Before I dig into the text, I must dispel any notion that this parable is about karma. The surface meaning appears to be if you suffer now, you will be rewarded later and if you are rewarded now, you will suffer later. Lazarus suffered in life and received care in eternity; the rich man had a lavish, full life and suffered in eternity. To understand this parable through that lens not only oversimplifies what is happening but also it grates against the plain meaning of scripture elsewhere. It’s wrong.

It also stands against another false way of thinking that is easy to accept. It is tempting to believe that riches are a direct reflection of God’s blessing and that suffering equals God’s punishment. Not only is that belief wrong, it’s the opposite of what happens in this parable. In this the arrogant rich man is the one God does not bless, and Lazarus, the poor, diseased, crippled beggar, is the one whom God and others help and love. 

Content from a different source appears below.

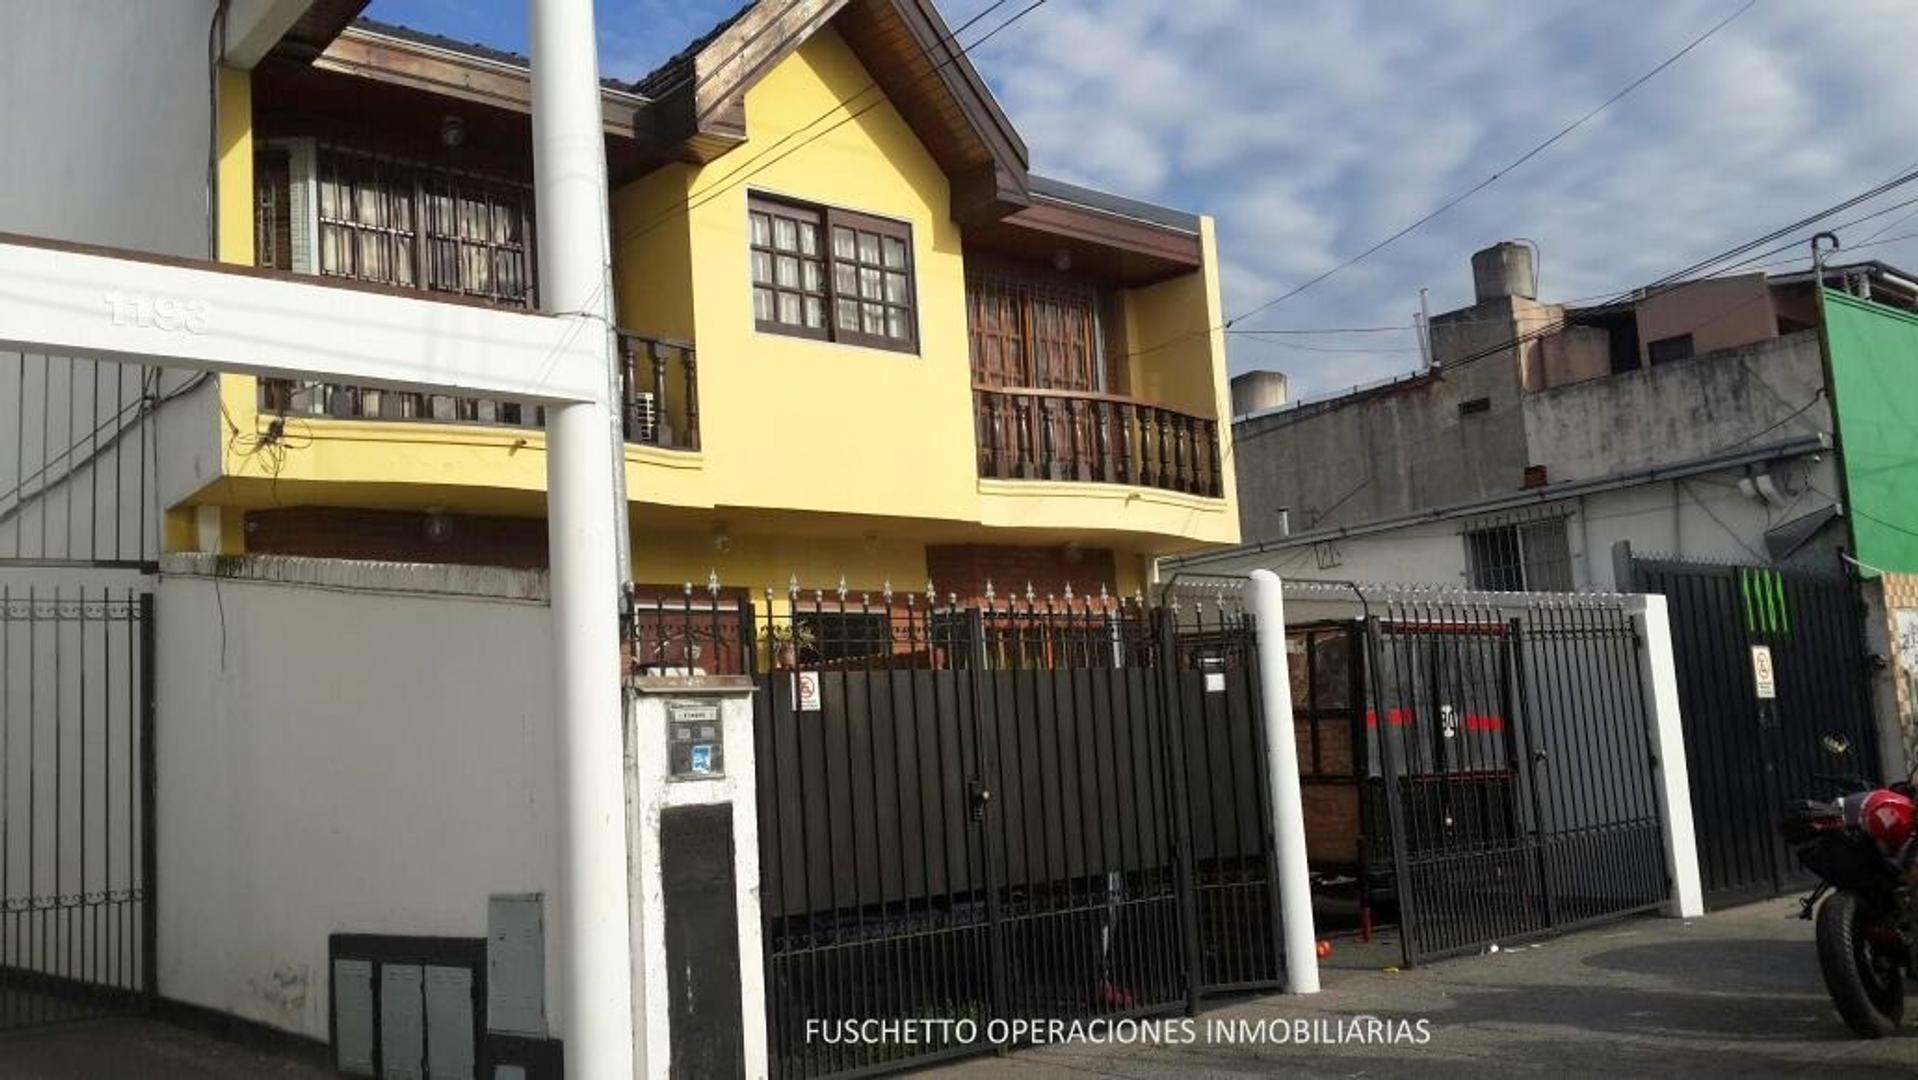 Duplex 4 Amb. en Ciudad Madero - Venta (Cod. 827)

So, now that I’ve knocked out a couple of wrong ways of thinking about this parable, let’s explore what it is about. This parable comes after the parable of the dishonest manager, which we covered a few weeks ago. Following that teaching, Jesus says, “Whoever is faithful in a very little is faithful also in much, and whoever is dishonest in a very little is dishonest also in much….If you have not been faithful with what belongs to another, who will give you what is your own” (Luke 16:10, 12)? Luke reminds us that Jesus’ audience includes the Pharisees, whom Luke says are “lovers of money” and who mock Jesus for his teachings. So, the context of this parable includes people who were serious about their religious adherence but who also were enraptured by money.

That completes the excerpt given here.